Schema is used to define the names, data types, and other information for the columns of a Pinot table.
The Pinot schema is composed of:
Field | Description |
---|---|
schemaName | Defines the name of the schema. This is usually the same as the table name. The offline and the real-time table of a hybrid table should use the same schema. |
dimensionFieldSpec | A dimensionFieldSpec is defined for each dimension column. For more details, scroll down to DimensionFieldSpec. |
metricFieldSpec | A metricFieldSpec is defined for each metric column. For more details, scroll down to MetricFieldSpec. |
dateTimeFieldSpec | A dateTimeFieldSpec is defined for the time columns. There can be multiple time columns.
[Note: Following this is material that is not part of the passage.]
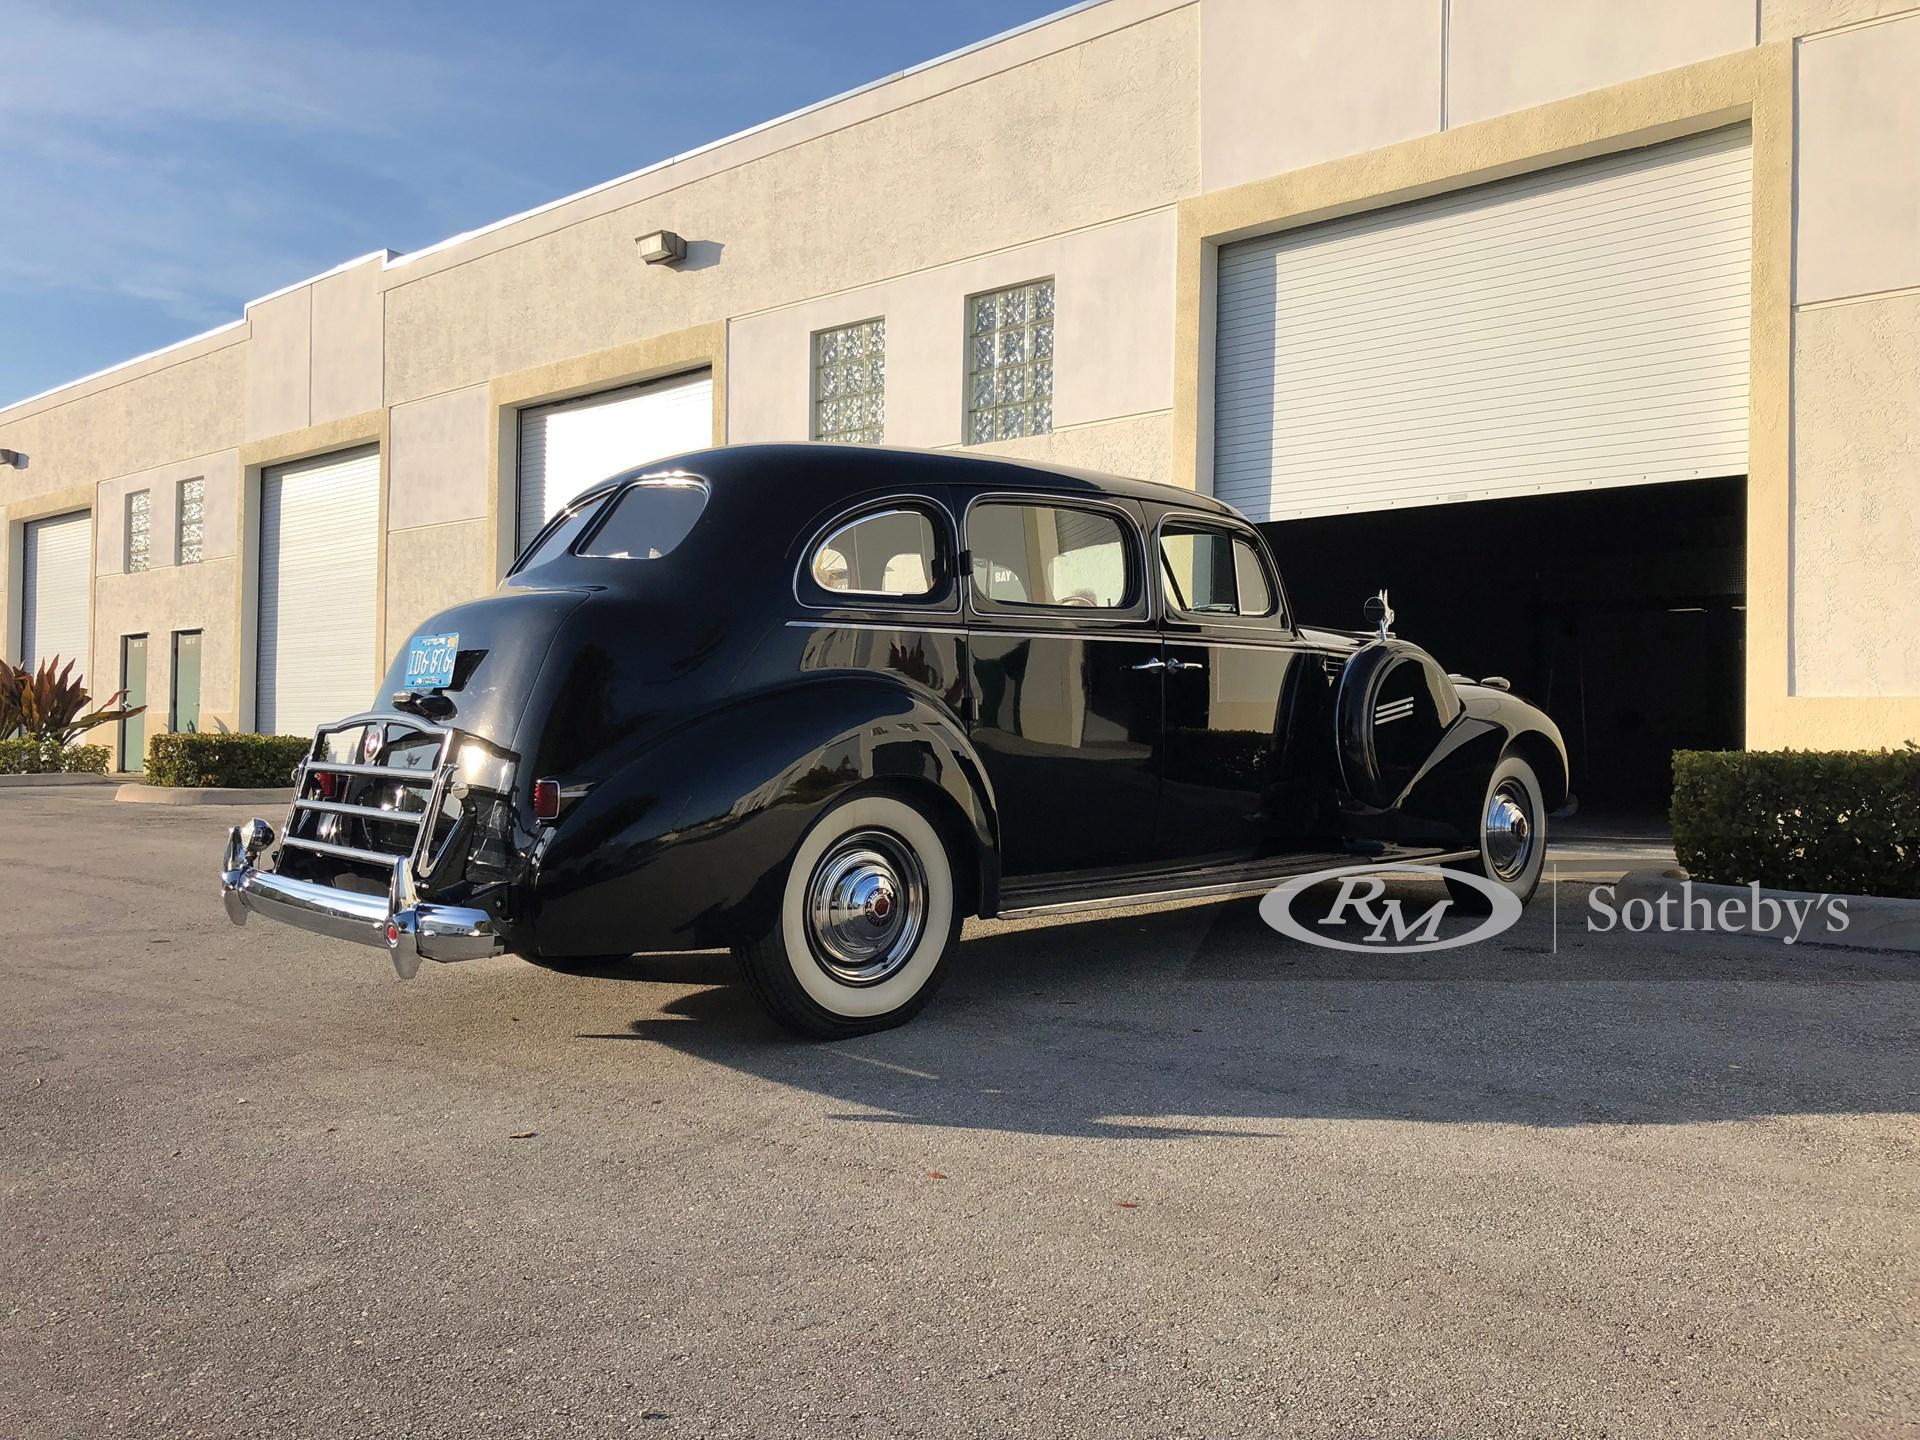 1940 Packard Super 8 One-Eighty Touring Sedan

For more details, scroll down to DateTimeFieldSpec. |
{% code title="flights-schema.json" %}
{
"schemaName": "flights",
"dimensionFieldSpecs": [
{
"name": "flightNumber",
"dataType": "LONG"
},
{
"name": "tags",
"dataType": "STRING",
"singleValueField": false,
"defaultNullValue": "null"
}
],
"metricFieldSpecs": [
{
"name": "price",
"dataType": "DOUBLE",
"defaultNullValue": 0
}
],
"dateTimeFieldSpecs": [
{
"name": "millisSinceEpoch",
"dataType": "LONG",
"format": "EPOCH",
"granularity": "15:MINUTES"
},
{
"name": "hoursSinceEpoch",
"dataType": "INT",
"format": "EPOCH|HOURS",
"granularity": "1:HOURS"
},
{
"name": "dateString",
"dataType": "STRING",
"format": "SIMPLE_DATE_FORMAT|yyyy-MM-dd",
"granularity": "1:DAYS"
}
]
}
{% endcode %}
The above json configuration is the example of Pinot schema derived from the flight data. As seen in the example, the schema is composed of 4 parts: schemaName
, dimensionFieldSpec
, metricFieldSpec
, and dateTimeFieldSpec
. Below is a detailed description of each type of field spec.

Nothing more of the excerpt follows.